Nos procédés heuristiques, tout ce que nous trouvons dans nos livres, nos blogs et nos videos, dans nos conversations, ceux que nous essayés une fois ou deux comme ceux que nous utilisons depuis des années avec succès ; tous ces procédés sont aussi fiables et sûrs que peut l’être un procédé heuristique : une approche supposée produire dans les meilleurs délais la réponse à un problème donné, possiblement contredite par d’autres approches, et sans garantie de résultat.

Si vous contribuez de près ou de loin à un développement de logiciel, ce constat relativiste vous rendra peut être chagrin. Et si vous travaillez dans une de ces entreprises qui culturellement mettent au pilori l’incertitude et la lenteur, eh bien ça tombe mal.

Mauvaise nouvelle : votre logiciel lui-même, ce système fragile et complexe qui tourne en production et qui crée de la valeur, n’est pas en meilleure posture. Non seulement parce qu’il est bien sûr le fruit de ces approches heuristiques, mais en plus parce que la capacité de votre équipe à suivre et appliquer ces approches incertaines est elle-même chancelante. Que celui ou celle qui n’a jamais annulé une revue ou renoncé à écrire des tests parce que tout devenait urgent vous jette la première pierre.

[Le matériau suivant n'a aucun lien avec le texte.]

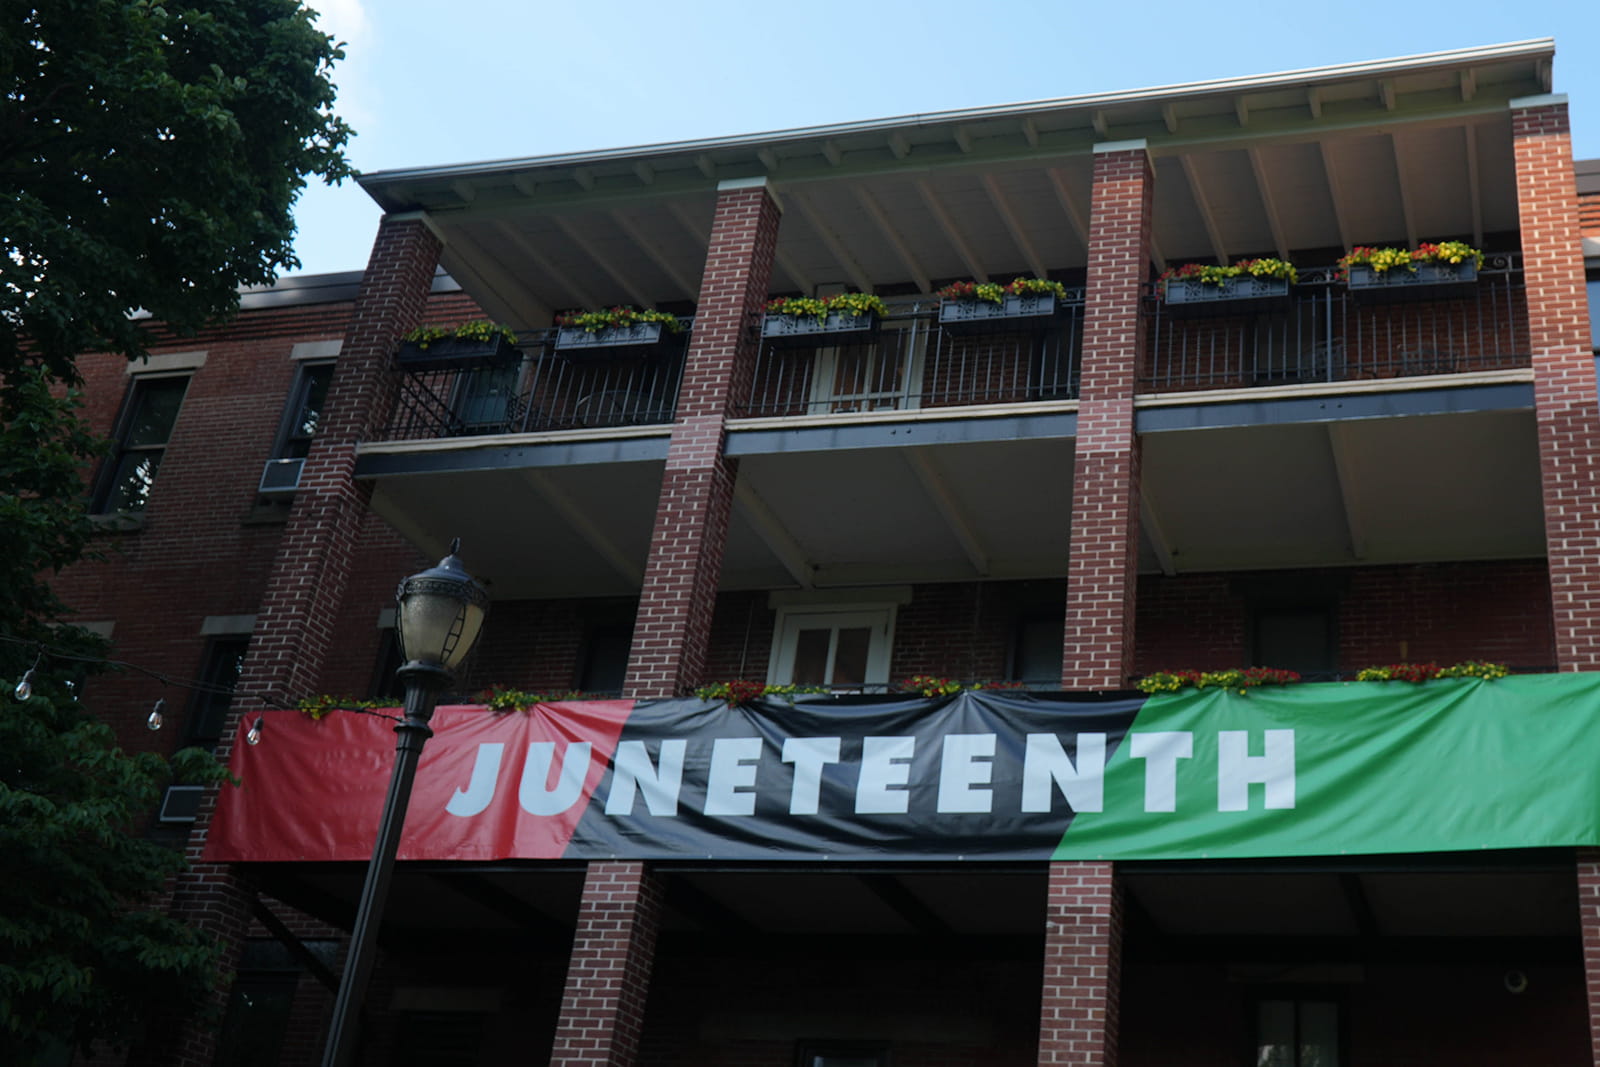  A Juneteenth banner hanging on the exterior of the Rush Building.

Et après tout, en dépit du fait que vous écrivez peut être “méthode” (voire “méthodologie”) avec un M majuscule, si vous mettez un peu d’exigence dans votre travail, force est de constater que vous avez une plus grande certitude à propos des problèmes constatés dans vos programmes qu’à propos de leur fiabilité en général.

C’est ce que fait remarquer Taleb dans son livre Anti-Fragile, section “via negativa” : nous en savons plus à propos de ce qu’une chose n’est pas qu’à propos de ce qu’elle est.

Cela rappelle aussi la théorie de Karl Popper sur le fait que la connaissance scientifique repose sur des assertions falsifiables, et qu’en général, “lorsque nous proposons une solution à un problème, nous devrions essayer autant qu’il est possible de démolir notre solution plutôt que de la défendre. Peu d’entre nous malheureusement mettent ce précepte en pratique. Mais d’autres que nous, heureusement, nous apporterons la critique si nous ne pouvons le faire nous-mêmes”.

Concernant nos développements, la chose sur laquelle nous pouvons être véritablement factuels est la présence de défauts. (En supposant bien sûr un agrément des acteurs concernés sur ce qu’il convient de désigner par ce terme de “défaut”).

En somme, la connaissance que nous avons des problèmes dans nos programmes est plus solide que la connaissance de leur fonctionnement correct.

Il est impossible de quitter ces considérations sans citer le malicieux Knuth :

Beware of bugs in the above code; I have only proved it correct, not tried it.